EMERSON RADIO ADDRESS: A Promise We Must Keep – January 08, 2010
WASHINGTON – “Keeping a promise well and keeping a promise eventually are two very different things, but the promise of our nation to the men and women who serve in uniform is one that must be kept better. The Department of Veterans Affairs is charged with securing the benefits our military members and their families deserve. Currently, more than a million U.S. vets wait in a backlog of claims that sometimes take years to resolve.This isn’t right, and something must be done to fix the broken system at the VA. It’s a problem no one wants our nation to have. Money and personnel have been thrown at the problem, but we have only seen the backlog grow larger.
It goes without saying that the men and women who serve in our armed services make tremendous sacrifices. They leave their homes and families, they miss out on holidays and their children’s lives, and they risk life and limb for our freedoms. Without these Americans on the front lines of conflicts around the world or standing ready here at home, the liberty at the heart of American life would be in grave danger. The service of our military families is amazing and selfless.
In return, our federal government promises to provide benefits for disabilities connected to military service. When a servicemember sustains an injury as a result of the work he or she is doing for our military, or when a veteran develops a condition or illness as a result of their previous service, the VA pays a benefit to that individual. It’s usually not enough to compensate for the incredible service that the veteran performed for our country, but as anyone on a fixed income can tell you, every little bit helps.
So it is a grave disservice to all of those wounded warriors, injured servicemembers and veterans that the backlog of disability claims at the VA exceeded one million last year. Claims take months to review, and the wait on appeals of cases in which the VA disagrees with the veteran or needs more information? Those can take years.
Since 2007, the VA has used 4,200 additional claims processors to try to reduce the backlog, but the backlog has only grown. Claims from veterans who served in Iraq and Afghanistan are overwhelming the system, and a main cause of the backlog of appeals is that so many legitimate claims are being rejected by the VA. Yet the most recent VA claims are also some of the most serious.

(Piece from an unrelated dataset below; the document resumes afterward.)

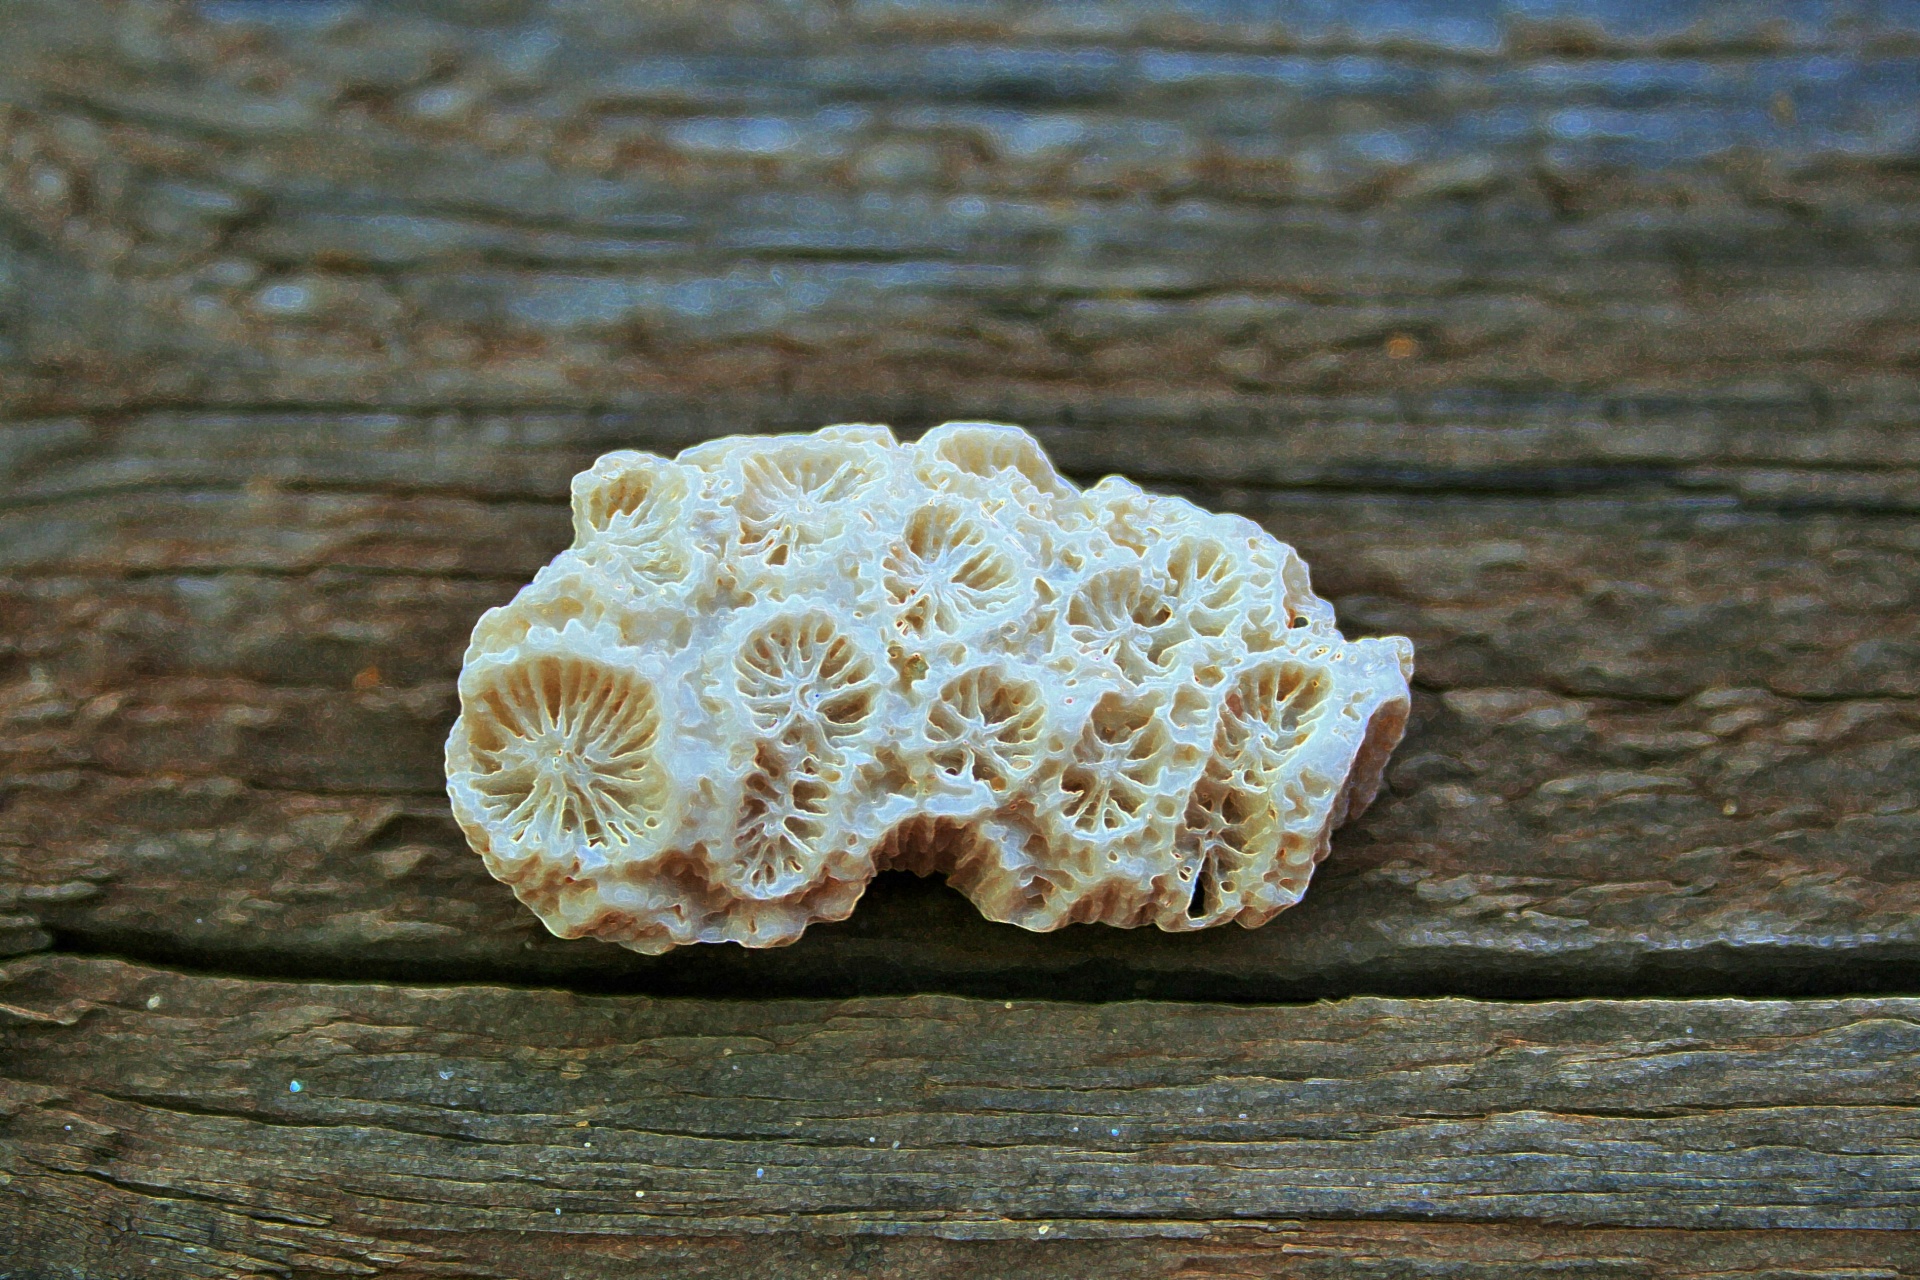 White Coral

Traumatic brain injury claims are way up, and post-traumatic stress disorder diagnoses are considerable among veterans of the most recent U.S. conflicts.
As Congress did for Vietnam veterans who experienced injuries from exposure to Agent Orange, we should dramatically expand acceptance of TBI and PTSD claims at the VA. The burden of proving these claims to be service-connected should be lifted from those servicemembers with stressful combat experiences.
If there is one problem the Congress ought to be able to buckle down and solve, without any partisan politics or political posturing, it is this one. In the committee on which I serve, we can help tailor funding to the VA’s needs, but other committees should conduct detailed inquiries into the VA’s handling of claims and appeals before giving the Americans who selflessly serve our country a VA system on which they can depend and of which the rest of us can be proud.”